Image by Stephen Phillips, Unsplash

How To Optimize Keywords

No optimization is realistically achievable in one try. Continuous efforts are needed to improve keyword performance repetitively, iteratively and incrementally, by extensively testing different options and scenarios. This equals the need for a strategy of how keywords are optimized.

1. Repetition

Like other app marketing areas, the general optimization process for keywords involves finding good candidates, test them, track their performance, decide what to do with them moving forward, and repeat. How you manage this repetition process makes a major building block for the entire strategy.

Certain elements need to be determined and monitored in such a process. They include the frequency or how often you repeat the process, depending on how much you trust the test results. You may need to let tests run for longer and, thus, less often, just to be on the safe side in some cases, and test more rapidly in other cases. They also include the scale or how many keywords you’re willing to test per iteration. The more keywords are tested at once, the higher the risk and the greater the reward.

2. Iteration

Test results usually come with at least a hint for a change you should make. If a test shows an unfavorable result, involved keywords should be removed and the list of keywords to focus on should be narrowed down. If it shows a positive one, it’s safe to keep them and think of additional uses. Either way, changes need to be made over time, and one at a time — that is, iteratively. Therefore, it’s crucial that you also define how you want the iteration of keyword optimization to work for your app.

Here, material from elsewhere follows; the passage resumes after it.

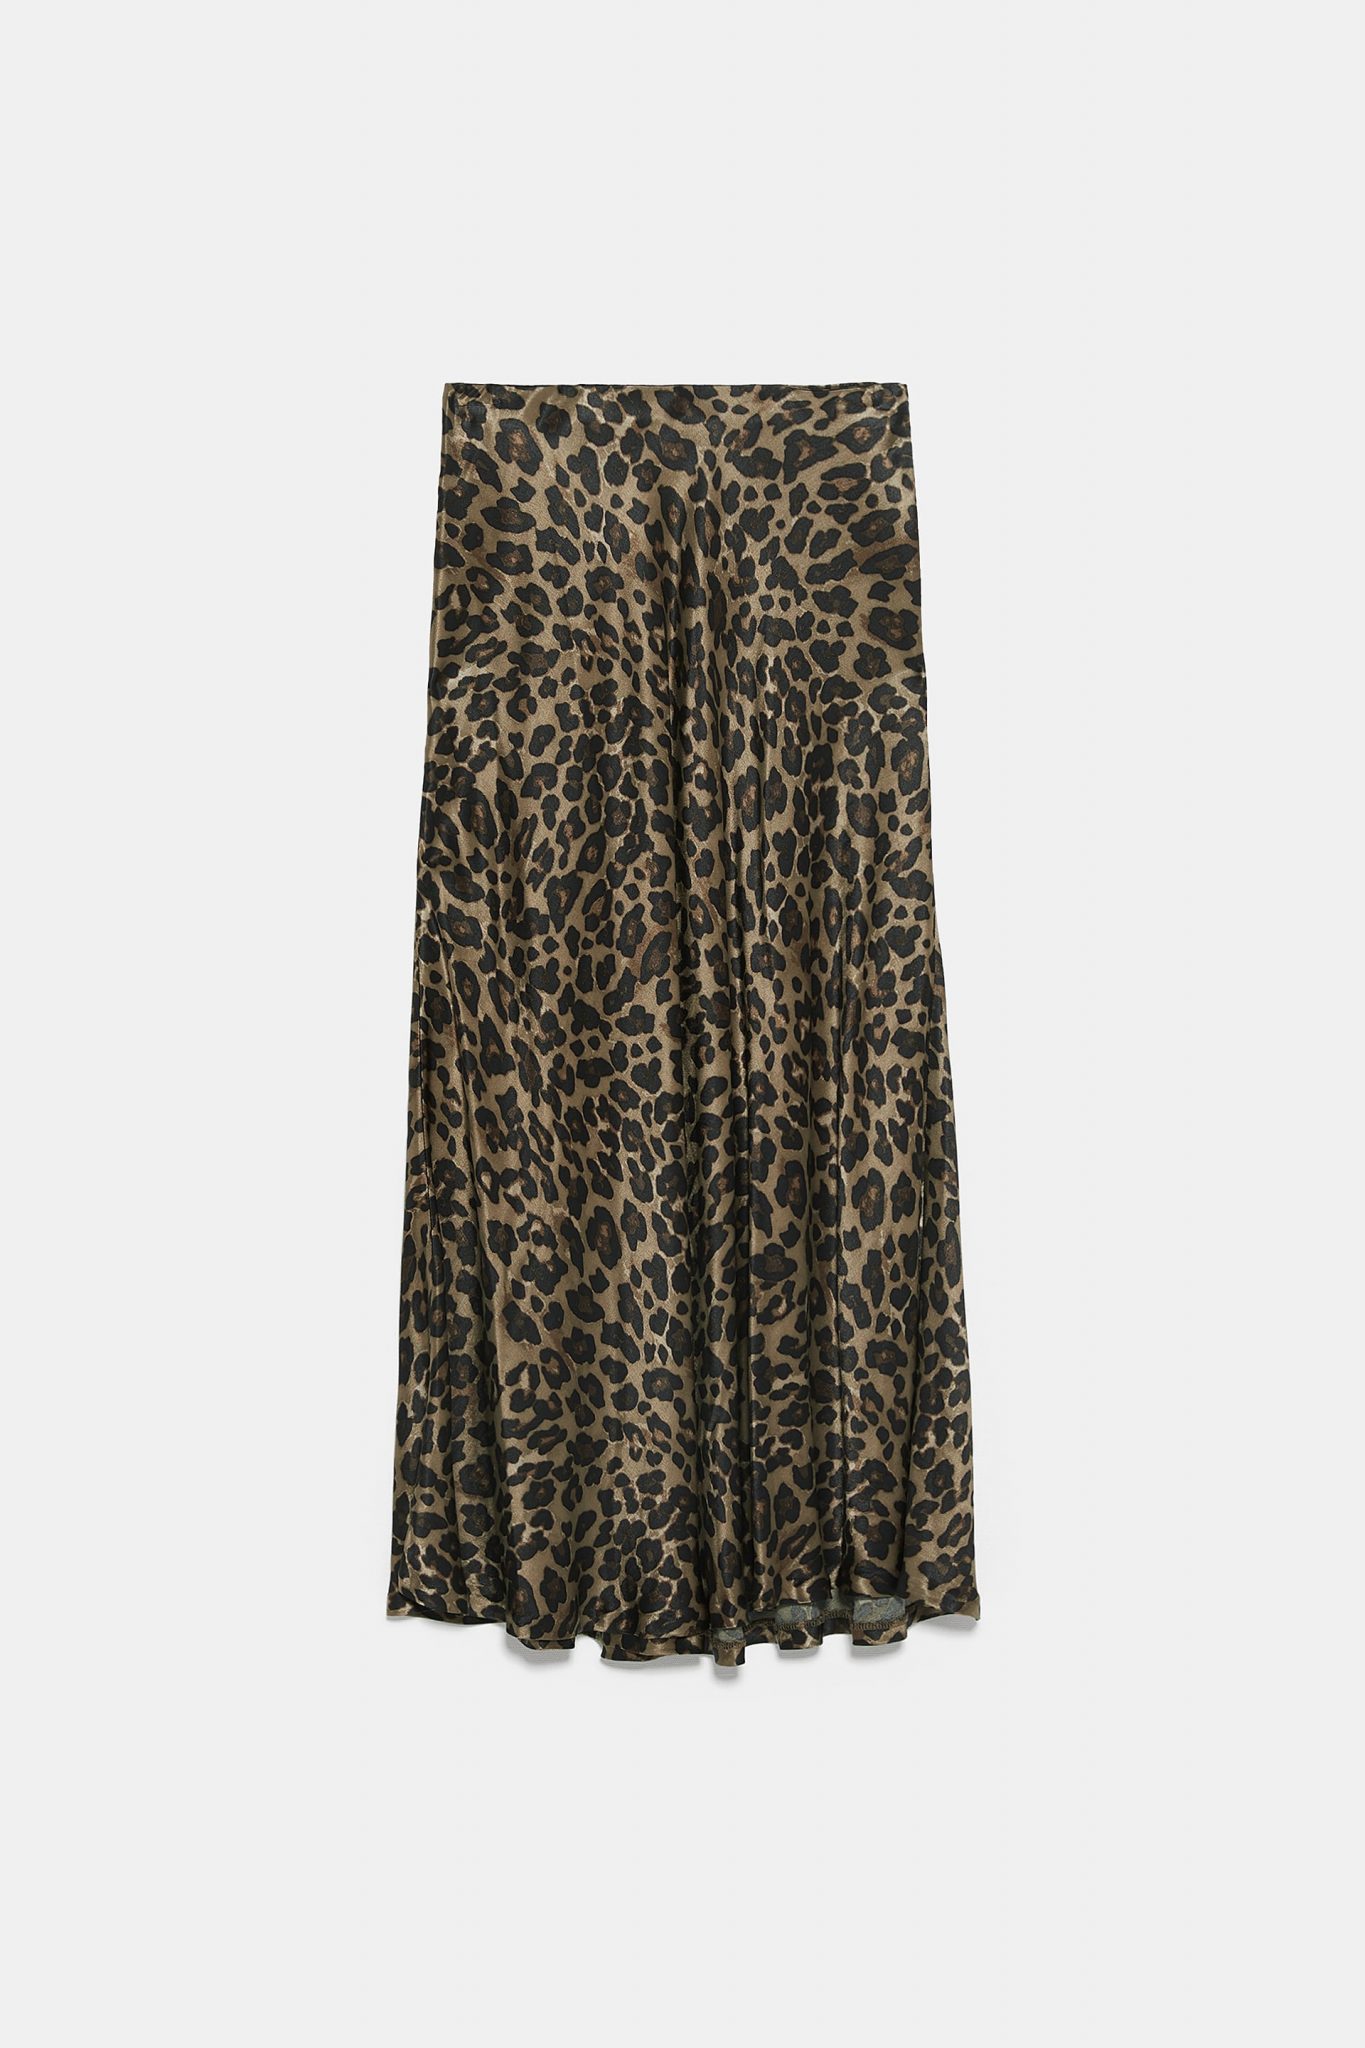 zara leopard print skirt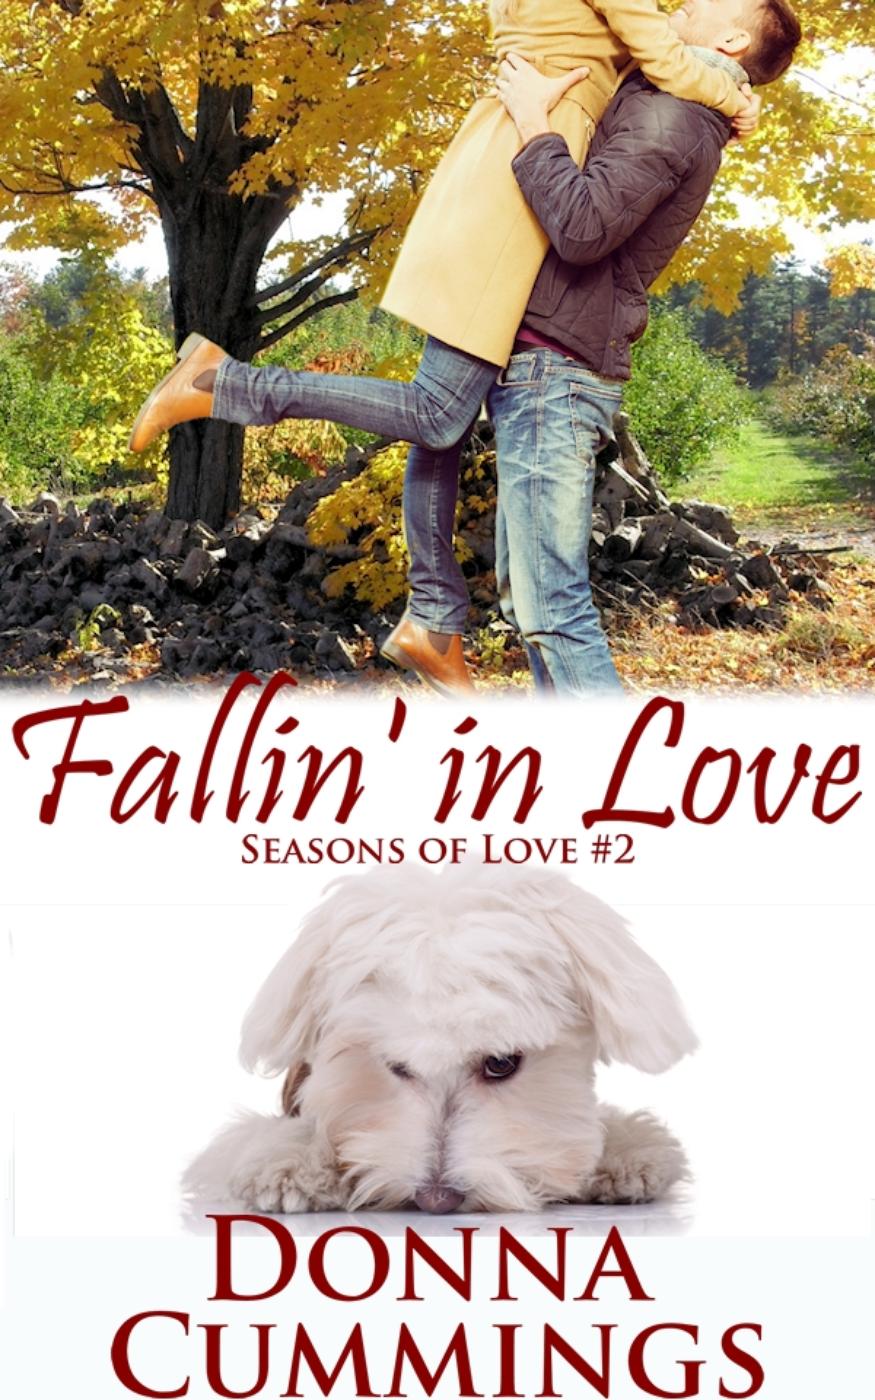 Fallin' in Love by Donna Cummings

It can be aggressive, targeting larger sets of keywords to be tested at once, thus prone to more risks, yet quicker to improve performance. Alternatively, it can be conservative, where improvements are slow because you go the safe path. Ultimately, how you make iterations will partly define your strategy.

3. Incrementation

The end goal of all optimization is to reach the highest possible level of performance, capacity, or efficacy. This translates into, for keyword optimization, having the best possible mix of keywords to add into your app’s app store metadata. The role of a strategy is to incrementally fill up the space of the said metadata with the said keywords until they’re fully loaded.

This “loading” process needs to be strategized as well. Would you prefer to go for a vertical approach or a horizontal one? Vertical means incrementally optimizing one keyword at a time and expand to more after positive results are consolidated. For example, one keyword can be added to the Play Store long description first, then, in turn, moved to the short description and title, then gets repeated in more sentences, until your app becomes #1 for it and converts really well. Then, you do the same for the next keyword.

By contrast, a horizontal strategy involves spreading out a handful of keywords across the metadata, then incrementally optimizing that mix by forming more variations, making different sentences with them, and swapping their positions in different assets, such as between the title and the short description. This is less linear and straightforward than vertical, but it allows more creativity as your work with a variety of keywords.

Image by Clark Young, Unsplash

Whichever options you choose, decisions need to be made. More importantly, you can mix together many options for such decisions. Based on how you repeat, iterate and increment keyword optimization differently, you’ll eventually develop a specific strategy for it.

Contrary to popular belief, there is no universal path to keyword optimization success. It demands a proper strategy, formulated based on your app’s specific needs and settings. To help you get closer to the goal of developing a complete strategy as such, I’ve outlined its four vital components. They make a FUMO framework as follows:

  • How to Find keywords
  • How to Use keywords
  • How to Measure keywords
  • How to Optimize keywords

Once each component is managed with a decent strategy of its own, their combination makes the final, complete keyword strategy for your app in ASO.